The following are examples of H2OPredict() function call.
Example Setup
- Import necessary modules.
>>> import os, teradataml
>>> from teradataml.options.configure import configure
>>> from teradataml import H2Oredict, DataFrame, load_example_data, save_byom, retrieve_byom
- Load example data.
>>> load_example_data("byom", "iris_input")
- Create teradataml DataFrame object.
>>> iris_test = DataFrame("iris_input")
- Set install location of the BYOM functions.
>>> # Set install location of BYOM functions. >>> configure.byom_install_location = "mldb"
Example 1: Run a query with GLM model and overwrite cached models
The query also includes arguments model_type, enable_options and model_output_fields.
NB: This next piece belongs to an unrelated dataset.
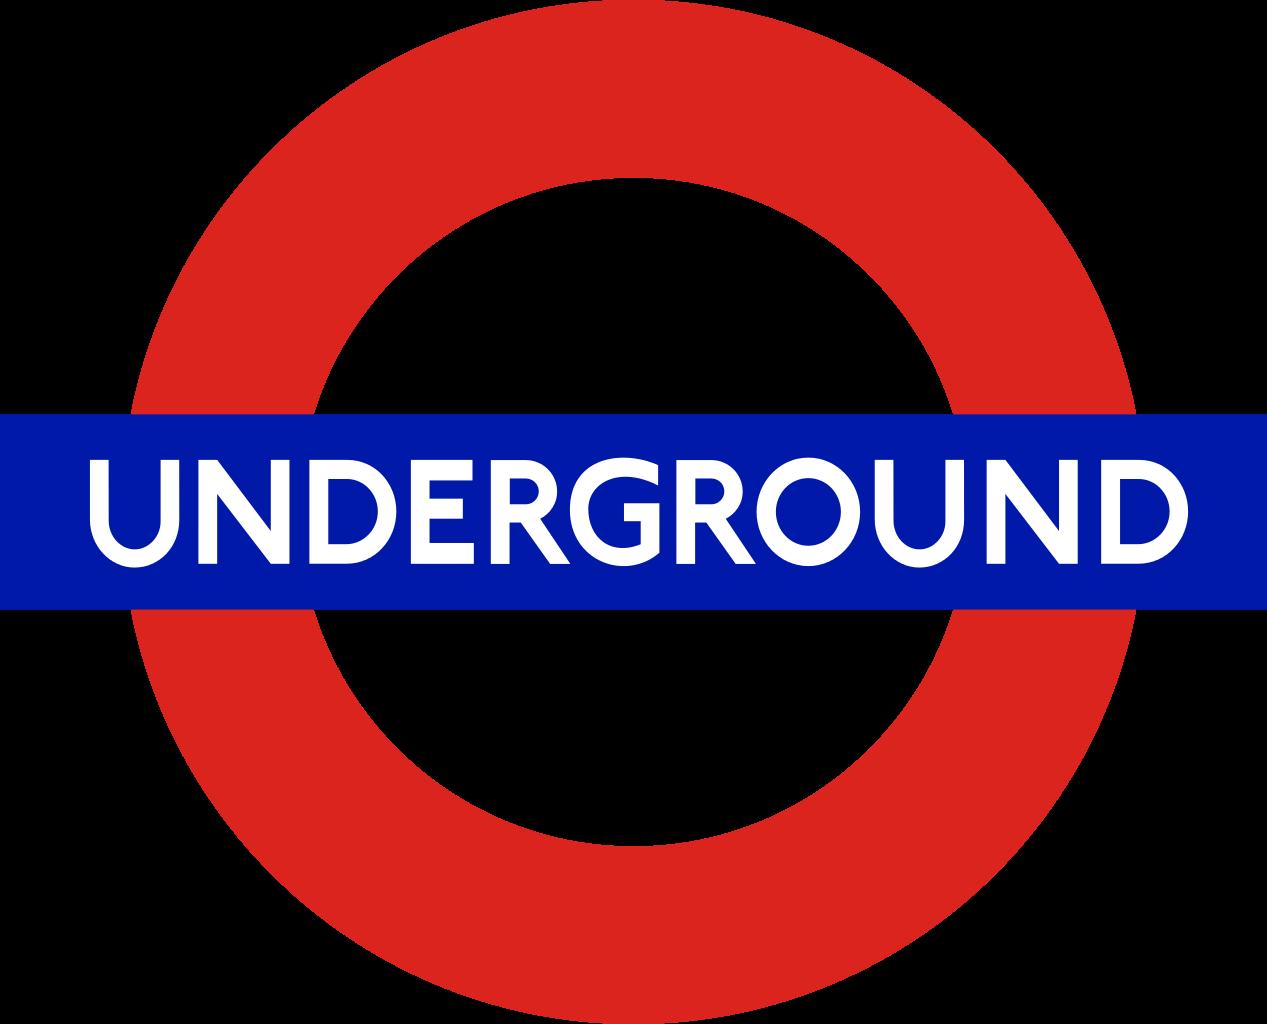 Tube svg #4, Download drawings

- Load model file into Vantage.
>>> model_file = os.path.join(os.path.dirname(teradataml.__file__), "data", "models", "iris_mojo_glm_h2o_model")
- Save the model.
>>> save_byom("iris_mojo_glm_h2o_model", model_file, "byom_models")
- Retrieve the model.
>>> modeldata = retrieve_byom("iris_mojo_glm_h2o_model", table_name="byom_models")
- Pass the output of the retrieve_model API as an input to the PMMLPredict function to score data.
>>> result = H2OPredict(newdata=iris_test, newdata_partition_column='id', newdata_order_column='id', modeldata=modeldata, modeldata_order_column='model_id', model_output_fields=['label', 'classProbabilities'], accumulate=['id', 'sepal_length', 'petal_length'], overwrite_cached_models='*', enable_options='stageProbabilities', model_type='OpenSource')
Example 2: Run a query with XGBoost model and overwrite cached models
The query also includes arguments model_type, enable_options and model_output_fields.
- Load model file into Vantage.
>>> model_file = os.path.join(os.path.dirname(teradataml.__file__), "data", "models", "iris_mojo_xgb_h2o_model")
- Save the model.
>>> save_byom("iris_mojo_xgb_h2o_model", model_file, "byom_models")
- Retrieve the model.
>>> modeldata = retrieve_byom("iris_mojo_xgb_h2o_model", table_name="byom_models")
- Pass the output of the retrieve_model API as an input to the PMMLPredict function to score data.
>>> result = H2OPredict(newdata=iris_test, newdata_partition_column='id', newdata_order_column='id', modeldata=modeldata, modeldata_order_column='model_id', model_output_fields=['label', 'classProbabilities'], accumulate=['id', 'sepal_length', 'petal_length'], overwrite_cached_models='*', enable_options='stageProbabilities', model_type='OpenSource')